Your objective: Word for word, restate the lines of the data below between those holding "Городки ТЕБЕ ИГРУШКА" and "Disney X Coach", inclusive; pictures do not belong in the copy.

Supplied data:
○ ○ ○

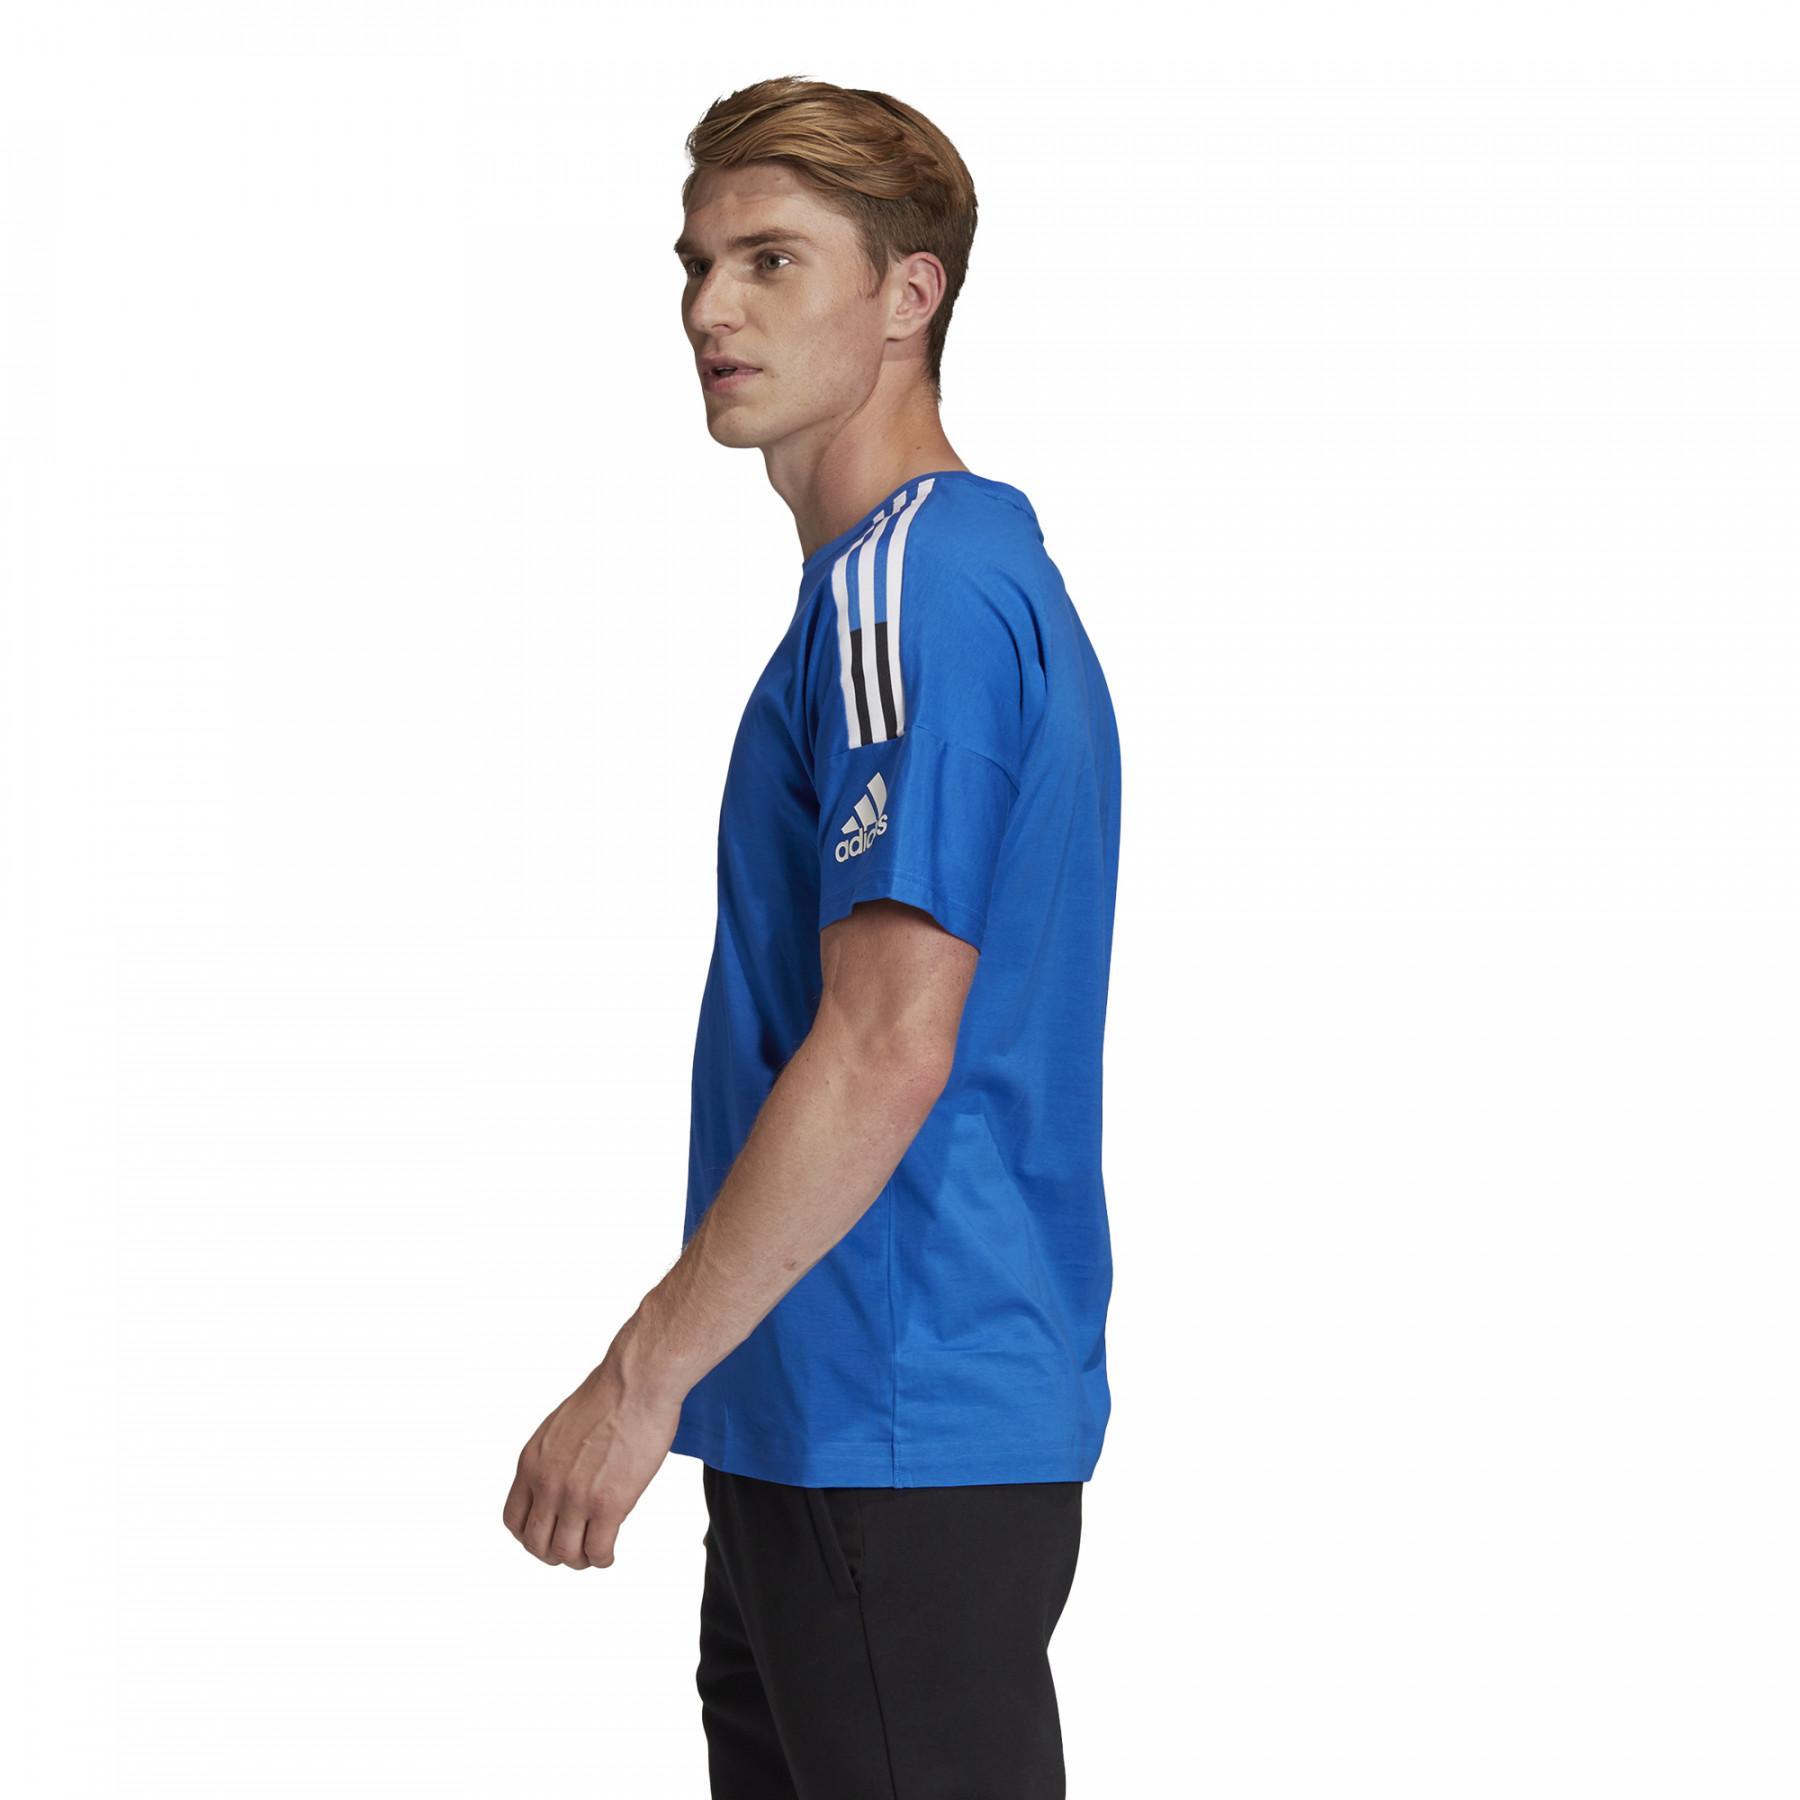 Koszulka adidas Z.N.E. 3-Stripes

○ ○ ○

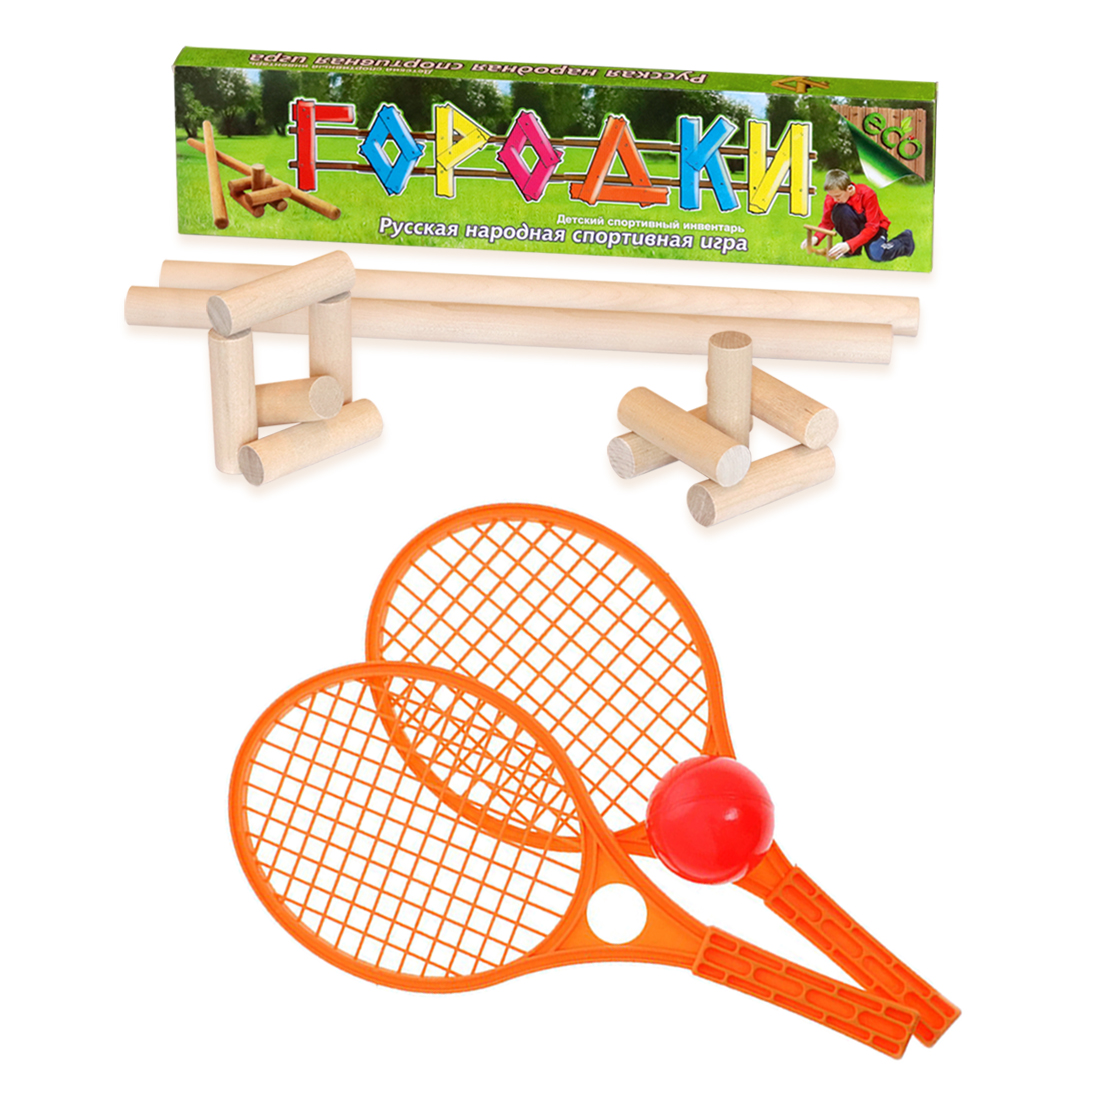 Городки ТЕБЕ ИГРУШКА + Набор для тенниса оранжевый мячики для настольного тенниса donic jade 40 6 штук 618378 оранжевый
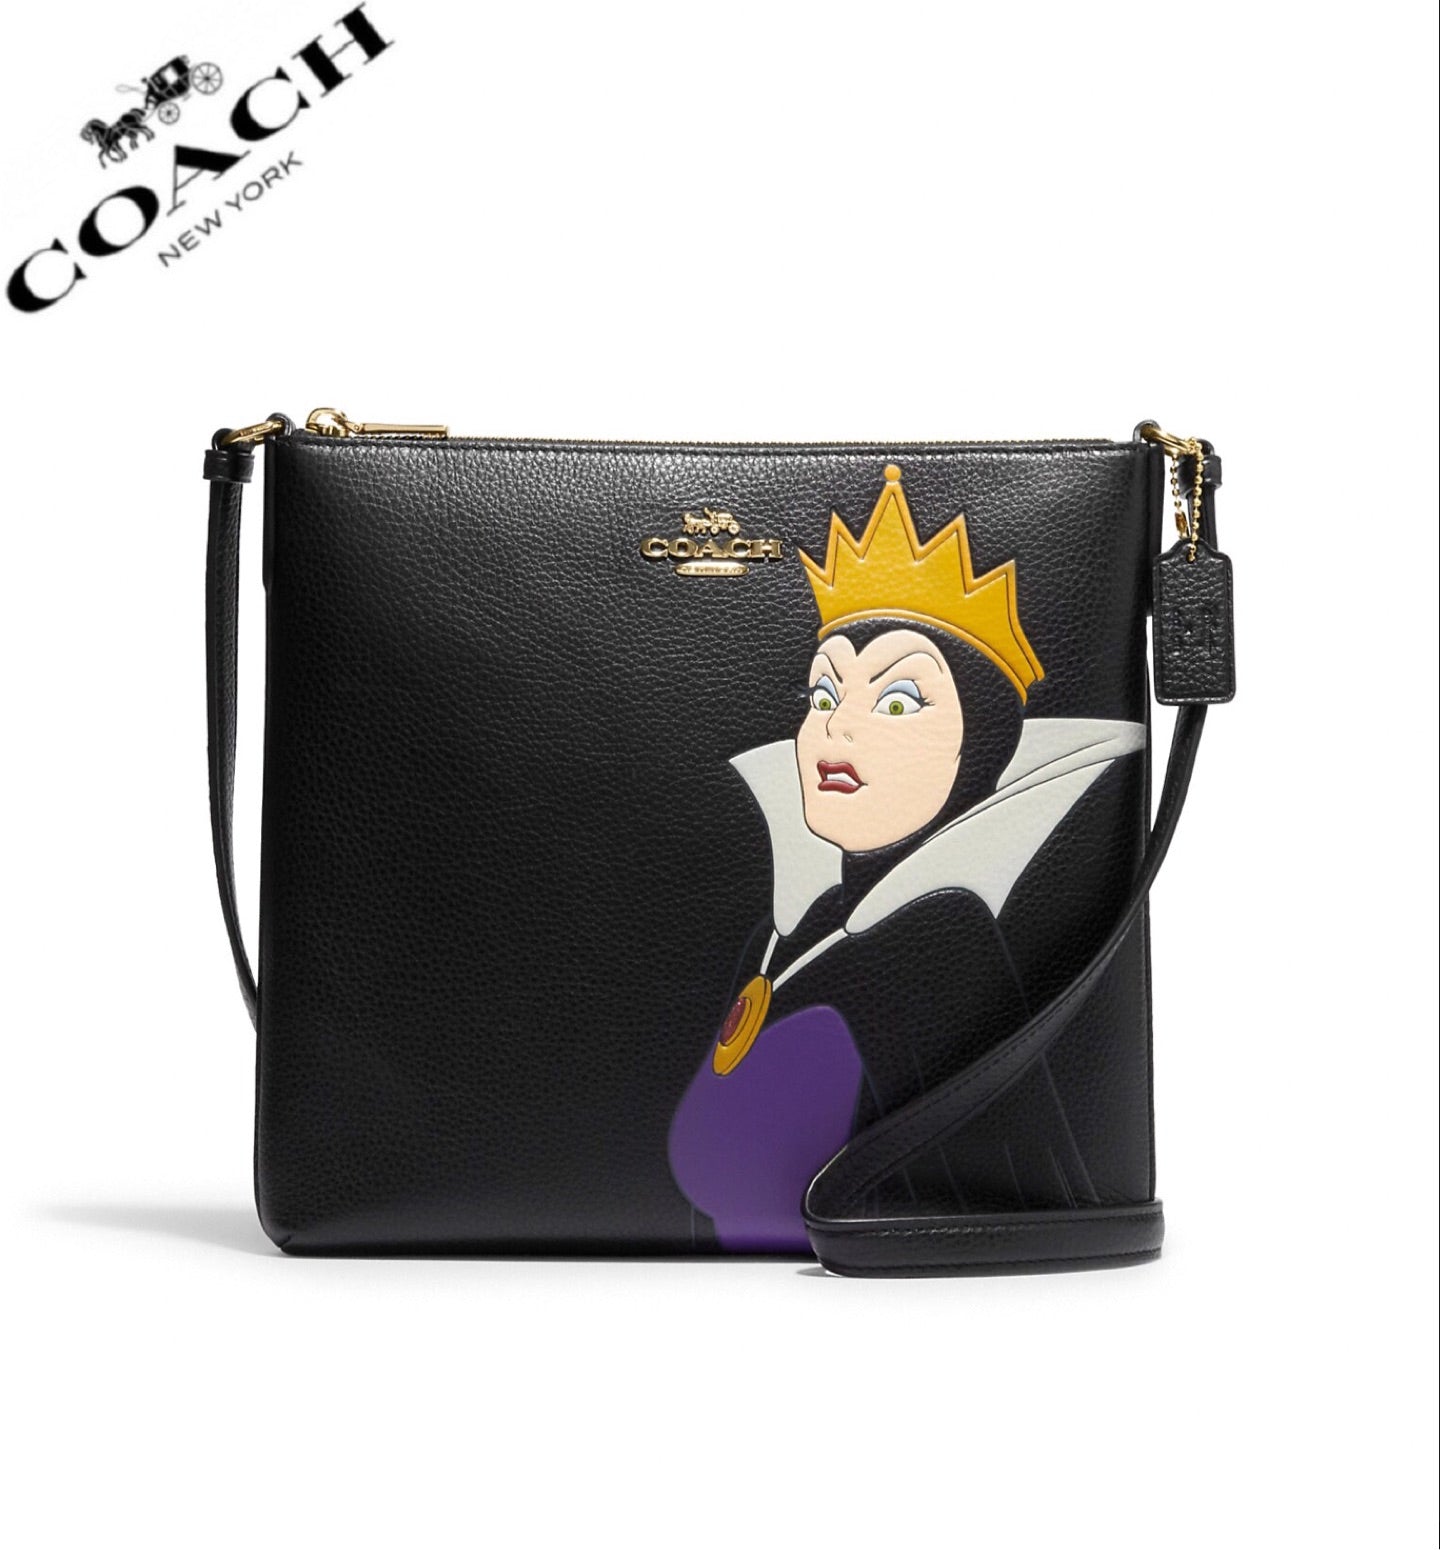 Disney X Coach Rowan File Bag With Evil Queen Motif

○ ○ ○

Reply:
 Городки ТЕБЕ ИГРУШКА + Набор для тенниса оранжевый мячики для настольного тенниса donic jade 40 6 штук 618378 оранжевый
 Disney X Coach Rowan File Bag With Evil Queen Motif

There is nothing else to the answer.